The year 1973 created many problems for the imperialists [2013]
Suite of 12 | Archival Print on paper 7 in x 9 in | 2013
Of the many magazine stories from that period that brought Dhaka readers into global circuits of awareness, perhaps no other could have expressed more misplaced optimism than the one with this headline:
“The year 1973 created many problems for Imperialists.”
Then came 9/11. September 11th, 1973. The Presidential Palace in Chile is bombed by its own Air Force. A defiant Salvador Allende refuses to surrender. The last press photograph shows Allende, democratically elected President, wearing a helmet and carrying a sub-machine gun that Castro had given him as a gift.

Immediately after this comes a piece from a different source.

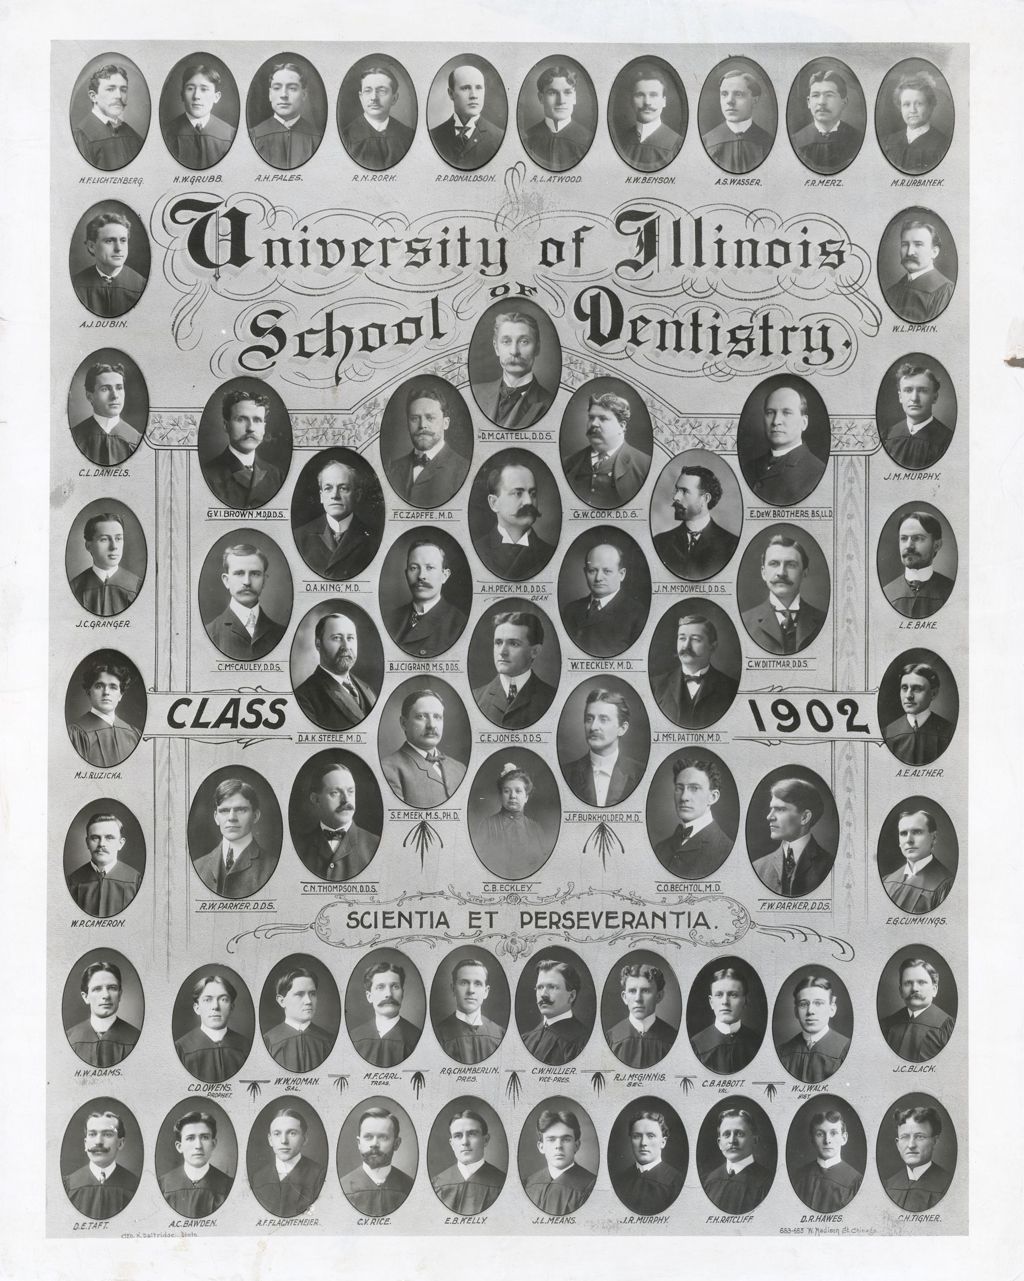 1902 graduating class, University of Illinois College of Dentistry

His dead body is later found inside the palace. Marquez wrote of the brutal ritual of a group of officers firing on his body together after his death. Finally a non-commissioned officer smashed his face in with his rifle butt.
Perhaps in that moment, the Dhaka editor thought US Imperialism had reached an apex of arrogance before the fall. Surely Allende’s dead body, like Che before him, would haunt the global military industrial complex forever? This final indignity would wake the global working class and set in motion a final push for world revolution.
The reality turned out cruelly different. The next six years were a tremendous consolidation of Imperial power, as one after another Latin American, African, and Asian country saw democratic governments removed and replaced by a parade of military juntas.
They would make the trains run on time. So we were told.